Into his finely wrought mix, he has introduced an entirely new body of work. Composed sometimes of one, sometimes of two panels, these small, painted, wooden works seem to assume an identity by drawing on his printmaking practices rather than on his three-dimensional sculpture. Compared both with his own plastic work as well as with prints made by his contemporaries, Sandback's graphic work is remarkable for the attention he pays to the material process by means of which each print is generated. These reliefs similarly evoke their origins, through stressing both their physicality and their surface textures. By contrast, they are fundamentally different from his previous in that line is now conjured by drawing in negative–by elimination. Whether principally shadow or tone, it appears as an absence as distinct from an edge or linear trajectory. Although quite small in size, these reliefs have a deceptively ambiguous scale, lergely because in cross-section the dimension of any single line is roughly commensurate with that of any drawn, nearby, in yarn. The reliefs, therefore, appear to be fragments of something vast–segments from a larger context, yet, at the same time, miniature objects.

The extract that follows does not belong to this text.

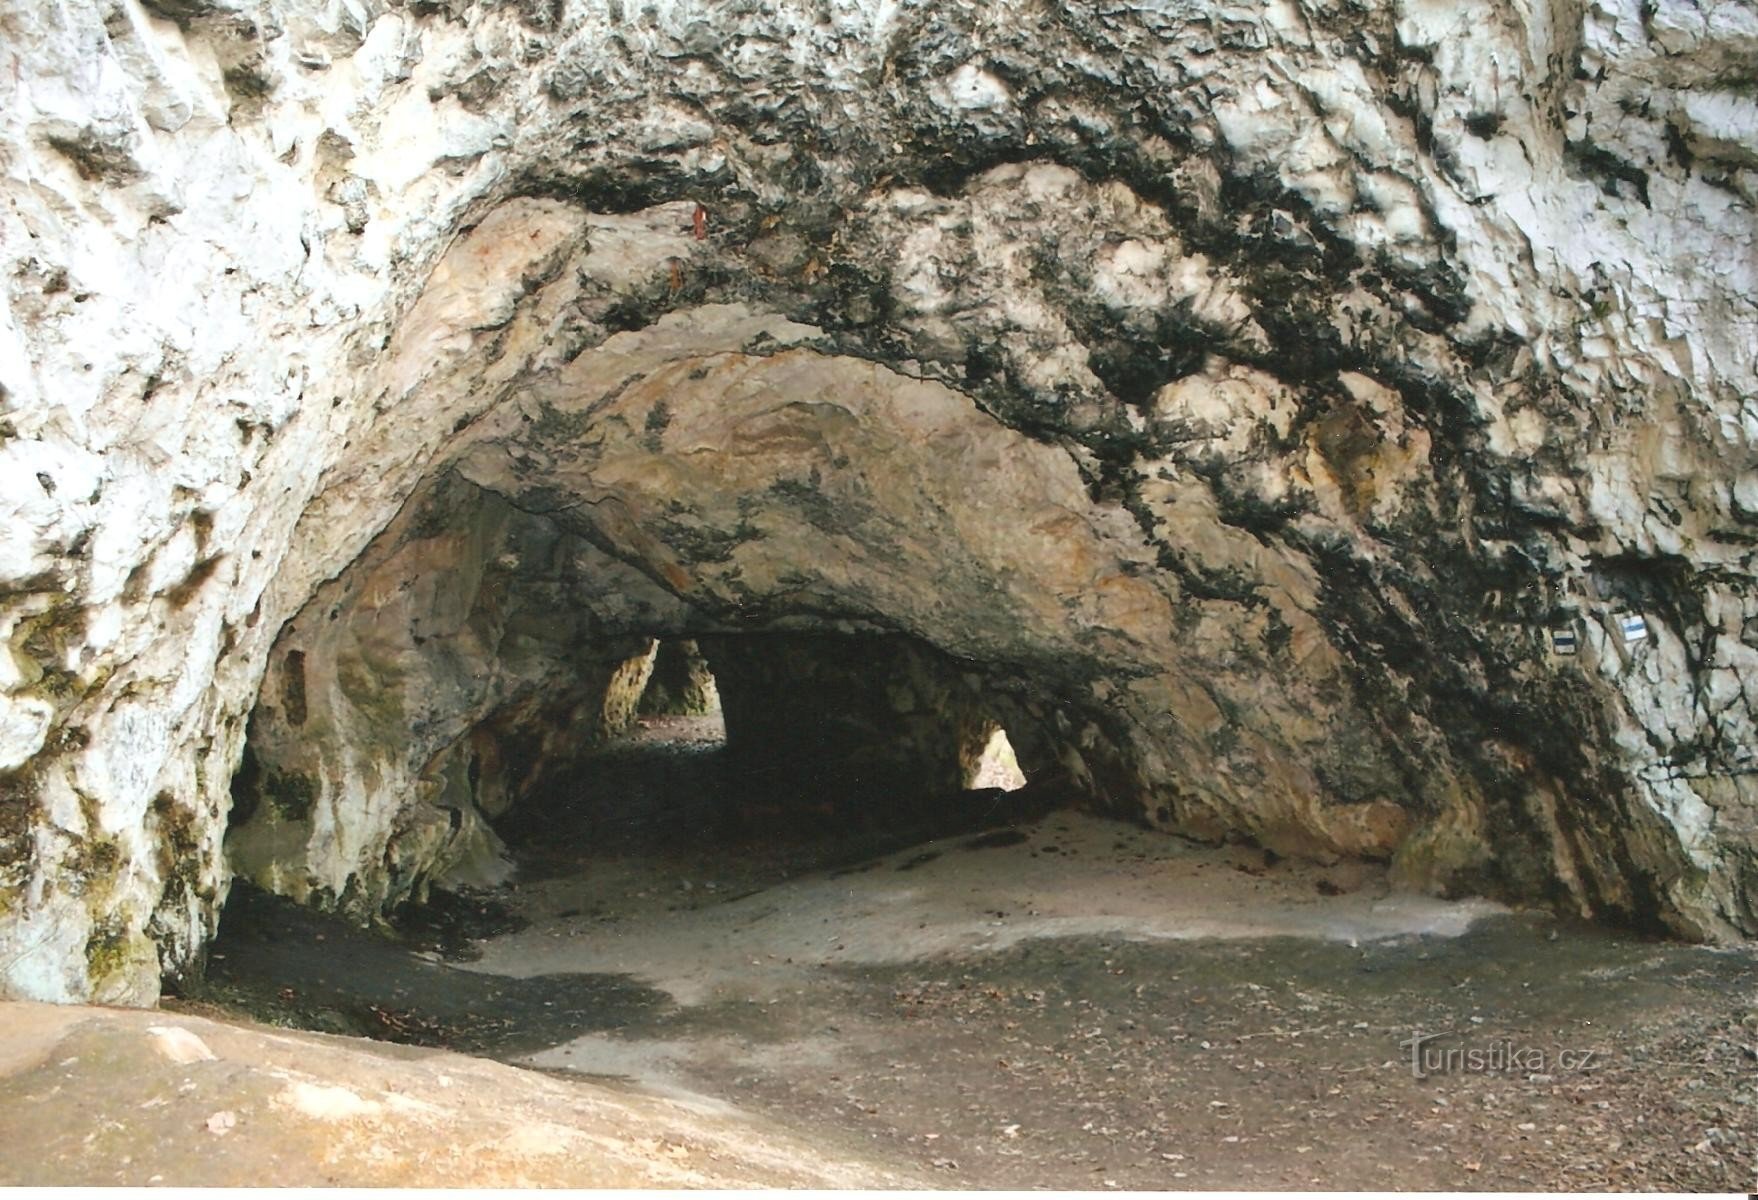 Jáchymka Cave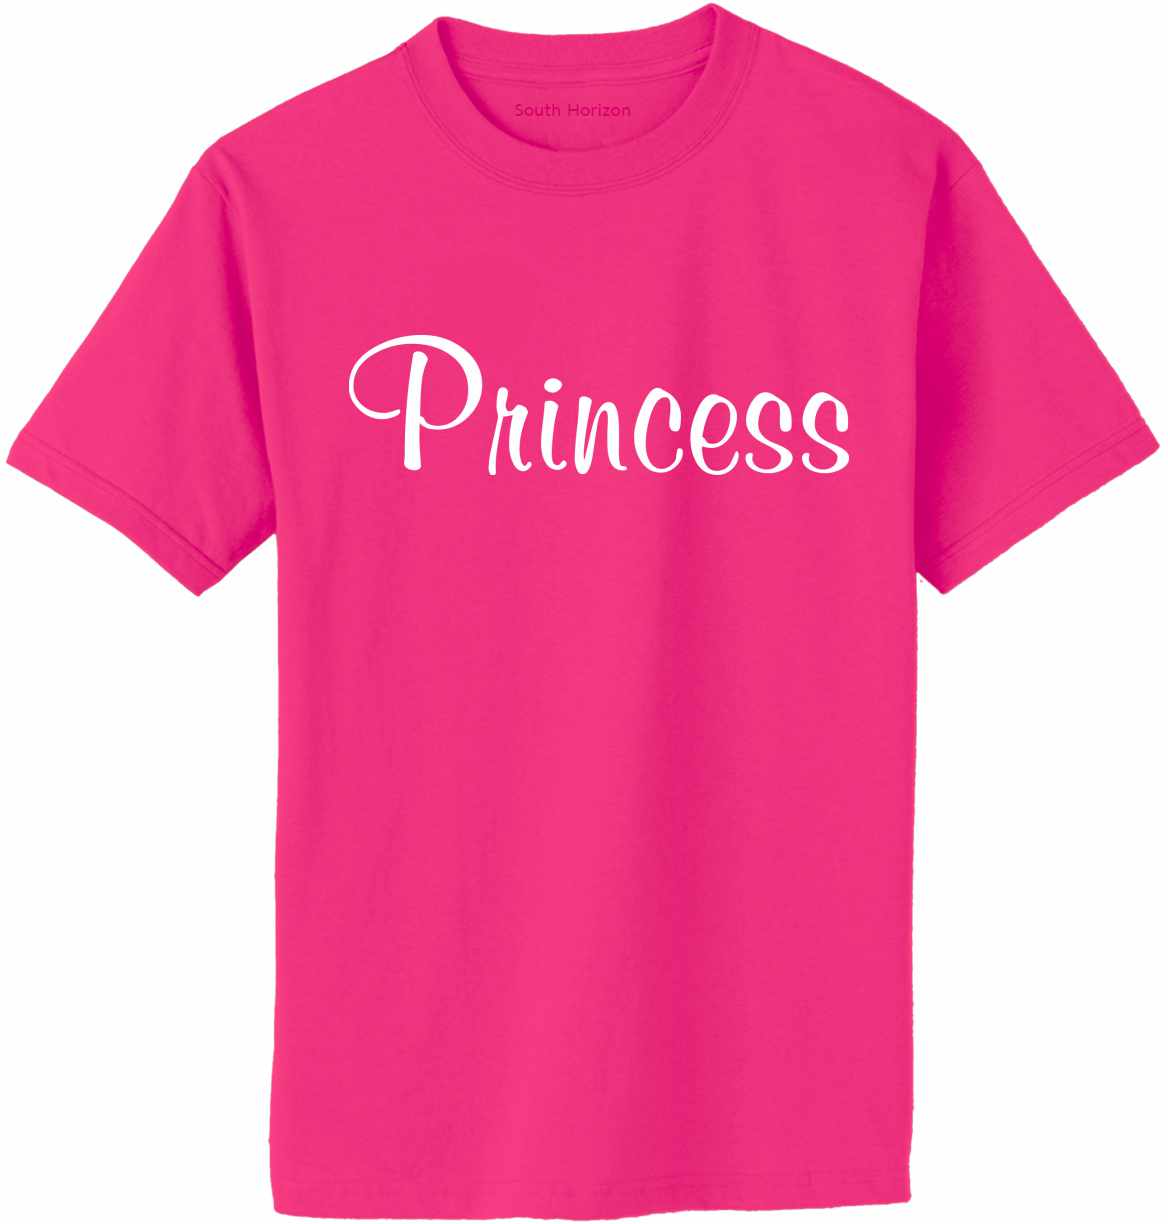 Princess Adult T-Shirt

Through the introduction of these new sculptures, Sandback has greately enriched and complicated the language of this exhibition. Within a matrix that encompasses the strictly linear alongside planar and three-dimensional forms, free-standing and wall-based sculptures, together with hybrids that straddle these two zones, he has incorporated a body of work which exists on and in relation to its supporting planar surface and yet extends far beyond it into the surrounding space. Fact and illusion have been newly interwoven, their interdependence revealed in unexpected ways. Moreover, by reconfiguring once more the relationship between the empty and the substantive, Sandback has created a space that has a wholly different sense of corporeality to it from anything found hitherto in his art. In these reliefs, he persuades us that the apparition of space derives not from the linear negative, but from the physical plane between these gaps. Given that these linear trajectories do not inhabit a single plane but overlap, and hence exist in depth, space for the first time in Sandback's art seems to have neither boundaries nor limits.
Anmerkungen:
1) Fred Sandback, Remarks on my Sculpture 1966-1986. In: Fred Sandback Sculpture 1966-1986, Kunsthalle Mannheim, 1986), p. 12.
2) Ibid.
3) Ibid., pp. 12-13.
4) Ibid., p. 13.
5) Sandback and a friend coined the term to define a space that was "literal, flat- footed and everyday. The idea was to have the work right there along with everything else in the world, not upon a spatial pedestal. The term also involved the idea of utility–that a sculpture was there to be actively engaged, and it had utopian glimmerings of art and life happily cohabiting." (Ibid).
6) Fred Sandback, quoted in 74 Front Street: The Fred Sandback Museum Winchendon, Massachusetts (New York: Dia Art Foundation, 1982), p. 4.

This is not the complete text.